Nikolai Gustavovich Legat () (30 December 1869, Moscow – 24 January 1937, London) was a premier dancer with the Russian Imperial Ballet from 1888 to 1914, and also with the Mariinsky Ballet. Both he and his younger brother, Sergey, became ballet masters and caricaturists.

Legat is considered to be the main successor to Pavel Gerdt. Legat later served as a balletmaster in Russia, teaching and passing on the repertoire of the Imperial ballet company, whose groundwork was the legacy of the great choreographer-balletmaster, Marius Petipa. He left Russia with his third wife, Nadine, in 1922 and eventually settled in England in 1926. The couple opened their first ballet school in Kent. They were later able to start classes in Hammersmith, London. Among their notable pupils were Ninette de Valois and Margot Fonteyn.

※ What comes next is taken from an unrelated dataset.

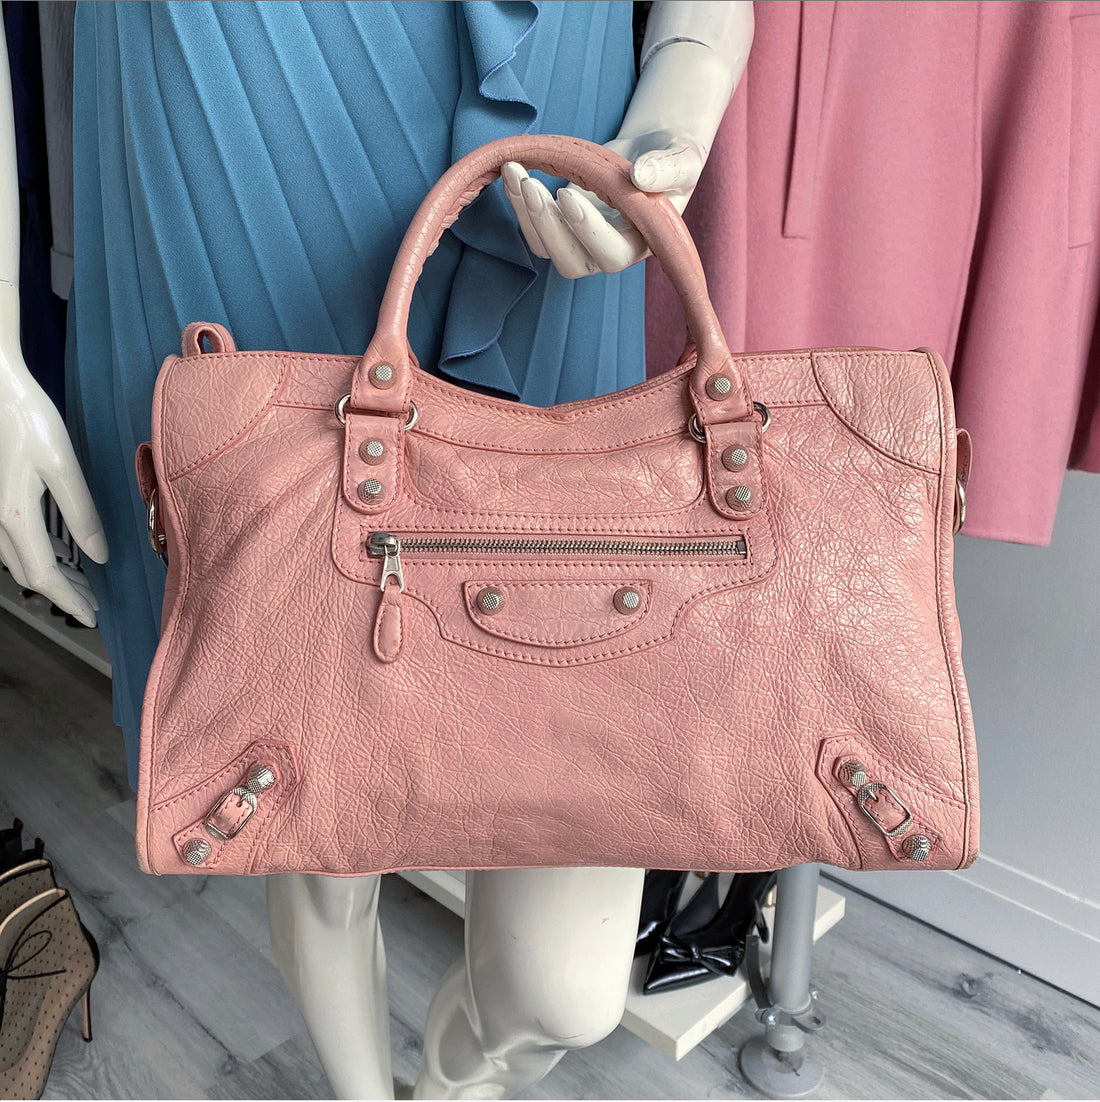 Balenciaga Pink Leather City Classic Medium Bag – I MISS YOU VINTAGE

Legat's wife, Nadine Nicolaeva, was a ballerina of the Imperial and State theatres of Moscow and St. Petersburg. She choreographed dances based on the Movements Exercises of Gurdjieff and later founded the Legat School of Ballet in Kent. One of her students was Anneliese von Oettingen. Nadine Nicolaeva-Legat was a follower of P. D. Ouspensky. She choreographed dances based on the Movements Exercises of G. I Gurdjieff. In 1938, Ouspensky and his followers acquired Colet House in London, from Nadine Legat, where they established the Historico-Psychological Society.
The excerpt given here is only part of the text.